L'usufruit d'un logement ou d'un ensemble de logements peut être établi par convention au profit d'une personne morale, pour une durée minimale de quinze années, en vue de la location de ce ou ces logements.

Les logements dont l'usufruit est détenu par les bailleurs visés à l'article L. 253-1 peuvent être financés par des prêts aidés dans des conditions définies par décret.

Ils peuvent faire l'objet d'une convention mentionnée à l'article L. 351-2, conclue pour une durée identique à celle de l'usufruit.

Le bail doit expressément indiquer, de manière apparente, le statut juridique du logement, préciser le terme ultime du contrat tel que prévu à l'article L. 253-4 et reproduire les termes des articles L. 253-5L. 253-5 à L. 253-7.

Le bail conclu dans le cadre d'un usufruit prend fin de plein droit au plus tard à la date de l'extinction des droits d'usufruit sur le bien loué.

Les deuxième à quatrième alinéas de l'article 595 du code civil ne s'appliquent pas aux baux soumis au présent article.

Six mois avant l'extinction de l'usufruit, le nu-propriétaire, par lettre recommandée avec demande d'avis de réception, peut :

- soit proposer au locataire un nouveau bail prenant effet au terme de l'usufruit, conforme aux dispositions de la loi n° 89-462 du 6 juillet 1989 tendant à améliorer les rapports locatifs et portant modification de la loi n° 86-1290 du 23 décembre 1986 ;

- soit donner congé pour vendre ou pour occuper le bien selon les modalités prévues à l'article 15 de la loi n° 89-462 du 6 juillet 1989 précitée, avec effet au terme de l'usufruit. Le congé est dans ce cas valablement donné par le seul nu-propriétaire au locataire.

La notification reproduit les termes du II de l'article L. 253-6 et de l'article L. 253-7L. 253-7.

I. - Un an avant l'extinction de l'usufruit, le bailleur rappelle au nu-propriétaire et au locataire les dispositions de l'article L. 253-5.

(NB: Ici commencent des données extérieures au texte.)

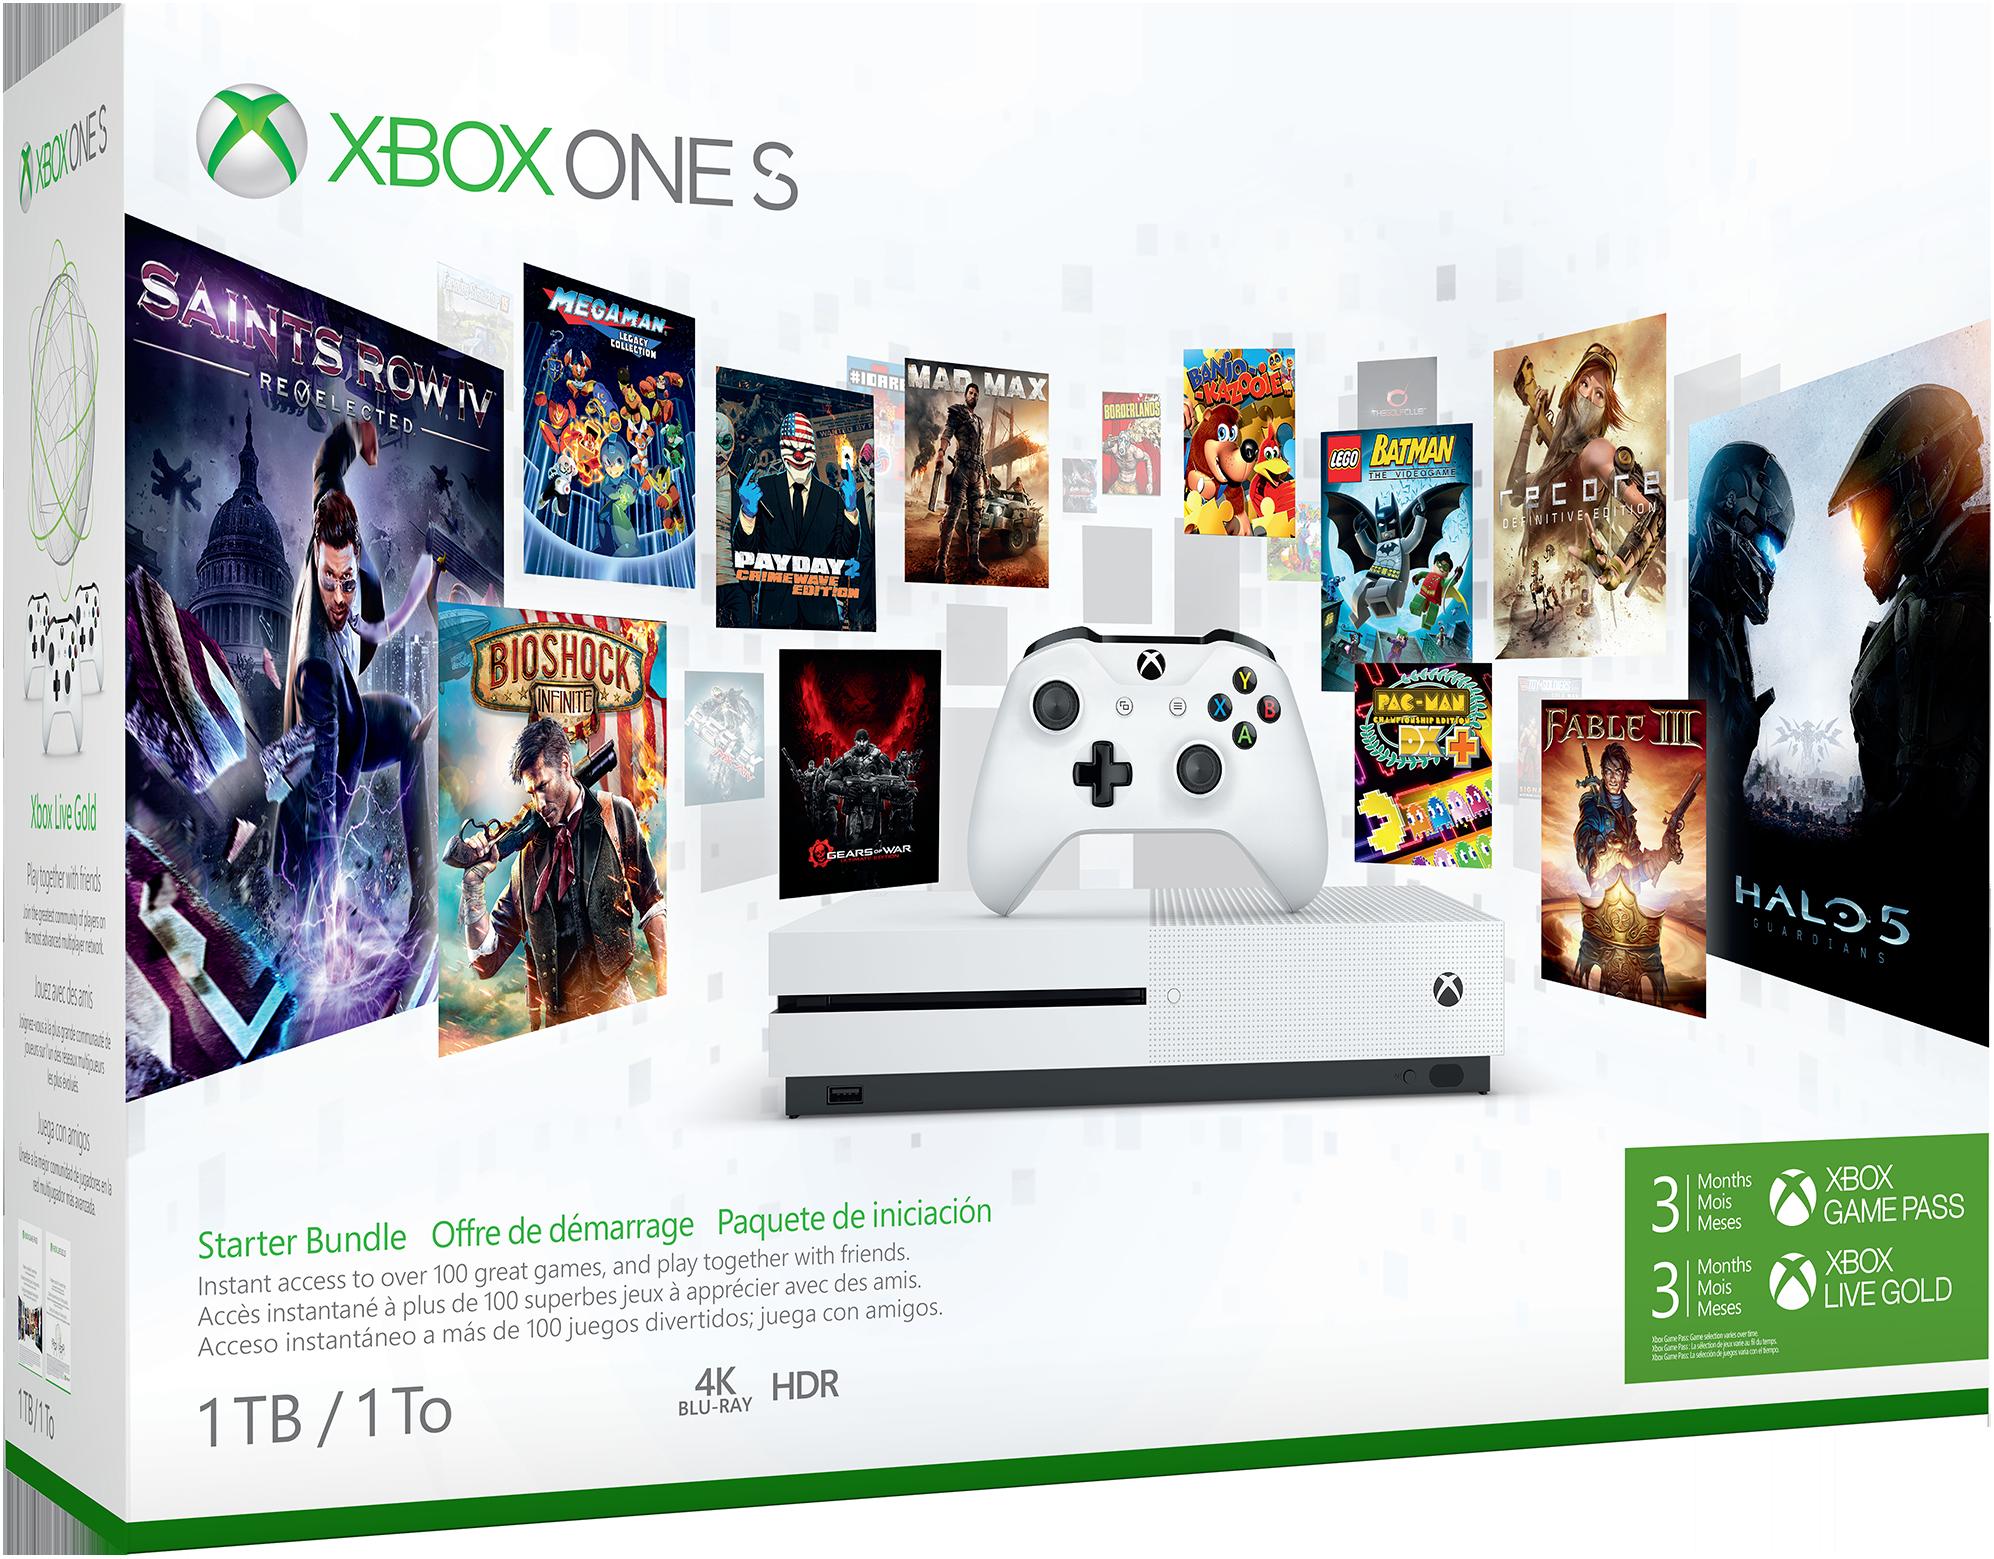 Bild von Xbox One S Game Pass-Bundle (1 TB)

II. - Trois mois avant l'extinction de l'usufruit, le bailleur propose au locataire qui n'a pas conclu un nouveau bail avec le nu-propriétaire et qui remplit les conditions de ressources fixées par décret la location d'un logement correspondant à ses besoins et à ses possibilités.

Le non-respect par l'usufruitier-bailleur de cette obligation est inopposable au nu-propriétaire.

Le locataire qui n'a pas conclu le contrat de location proposé par le nu-propriétaire ni accepté l'offre de relogement faite par l'usufruitier-bailleur est déchu de tout titre d'occupation sur le logement à l'expiration de l'usufruit.

Les dispositions du présent chapitre sont d'ordre public.